Business Corporation Law (BCL) 618

Business Corporation Law (BCL) 614

Business Corporation Law (BCL) 706

 

22

Quorum and voting rules when dealing with New York Corporations.

To properly examine a corporate governance legal framework, the issues of quorum and voting would need to be studied together in unison.  Why?  Because it is particularly difficult to decipher the nuanced rules related to one without taking into account the other.  More specifically, there cannot be a proper voting without a proper quorum.

The Certificate of Incorporation and/or By-laws may set out the requirement for establishing a quorum to be anything between: one third to more than majority rule. It should be noted that either the Certificate of Incorporation or the by-laws would suffice in reducing the requirement for quorum to less than majority.  However, only the Certificate of Incorporation may fix the requirement for quorum to more than a majority.

Generally, based on statutory default provisions, if the Certificate of Incorporation and By-Laws do not contain language to the contrary, for a quorum to be established, there must be a majority of the entire board.

Sources:

Business Corporation Law (BCL) 707

Business Corporation Law (BCL) 708

Business Corporation Law (BCL) 709

 

23

The rules for NY Corporations, when dealing with director actions without a meeting.

The performance of actions by any member(s) of the Board of Directors, in absence of a proper meeting, could oftentimes be the source of lot of intercorporate litigation. Thus, statutory provisions are often said out in the State’s body of corporate laws, with the objective of trying to provide a framework for which such disputes may be avoided and/or if not avoided, then be resolved in a more harmonious manner.

The Certificate of Incorporation and/or by laws are the pivotal documents that lay out the policies regarding the internal affairs governance of the Corporation.  Hence, it follows that such documents may vary the way upon whether and/or how the actions of directors without a meeting may be decided.

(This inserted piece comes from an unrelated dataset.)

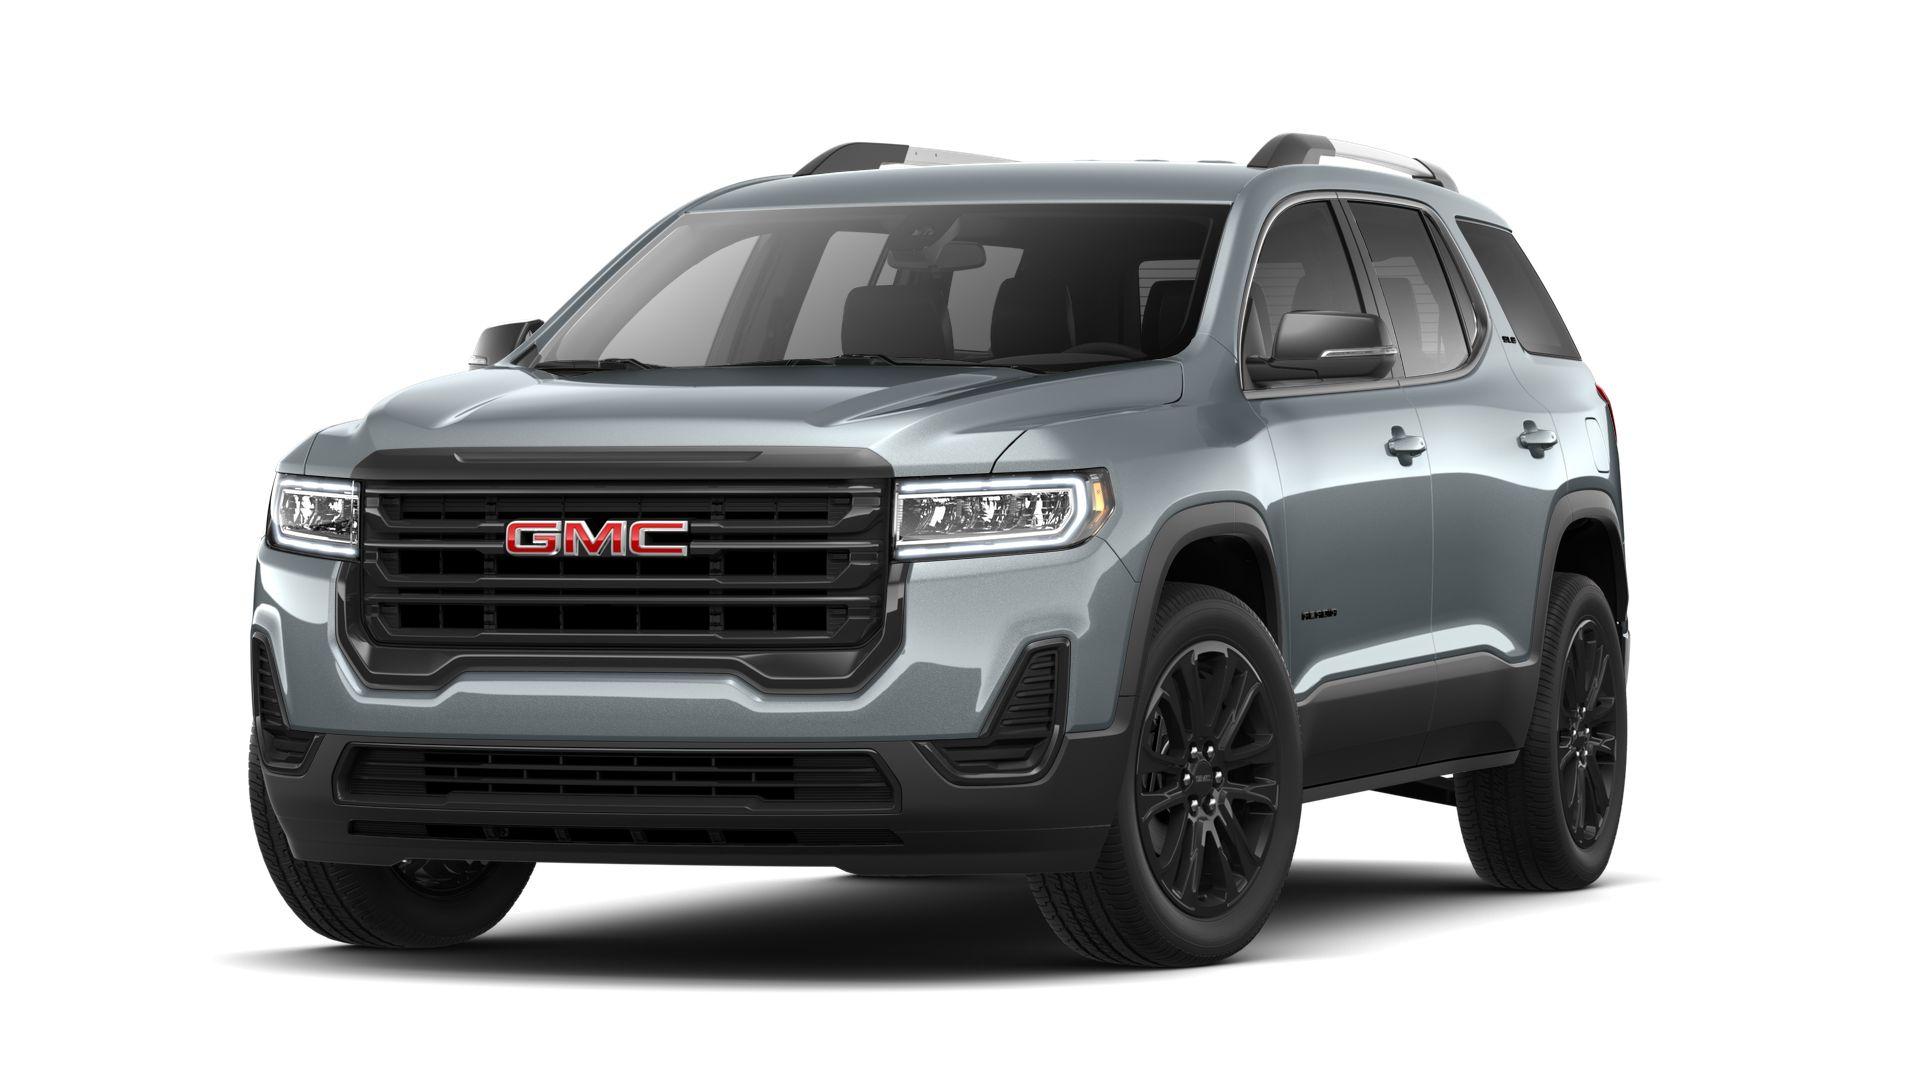 2022 GMC Acadia SUV

However, in the absence of language contrary in either the Certificate of Incorporation and/or bylaws, the default rule is that a Board of Directors may take actions without a meeting, if all the members of the Board of Directors have consented in writing to adopt a corporate resolution authorizing such action.

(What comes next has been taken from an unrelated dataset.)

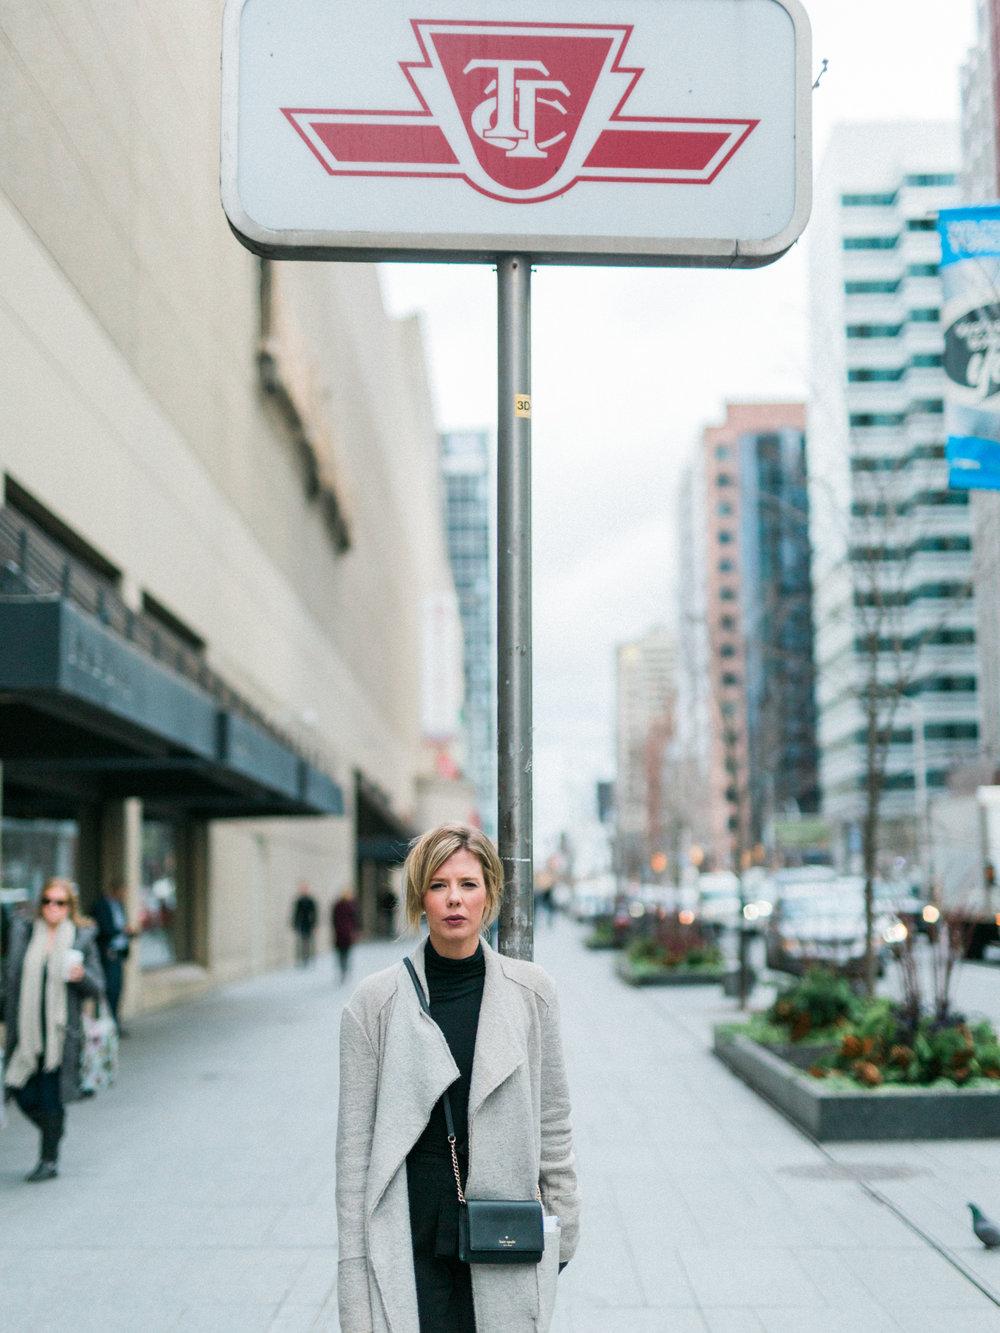 DanielleGirouxPhotography_Toronto_Portrait_StreetPhotography_0C6A1236.jpg

Sources:                                                

Business Corporation Law (BCL) 708

 

24

What are the rules dealing with interested directors in New York Corporations?

Any time where there is an actual or perceived conflict of interest, being imputed to members of the Board of Directors, a proper examination of the underlying circumstances, internal governance privately filed documents, publicly filed governance documents with the State filing offices, and the statutory legal framework provisions may be merited.

Generally, a contractual type of a transaction entered between the Corporation and one of the members of the Board of Directors would typically be subject to being attacked as being deemed void and/or voidable.  However, there are two situations where such transaction would pass muster, despite the director being deemed interested, and even be permissible to count the presence of such interested director for purposes of establishing quorum with regards to the underlying meeting where such transaction is to decided.

One such situation involves cases where the Board of Directors knows of the potential conflict of interest, the interested director makes a good faith effort to disclose the pertinent facts revolving the possible conflict, and the board votes with a sufficient support (discounting the votes of interested director).

Another such situation arises where the contractual type of transaction is disclosed in good faith by interested director, and such transaction is approved by an adequate support from the shareholders.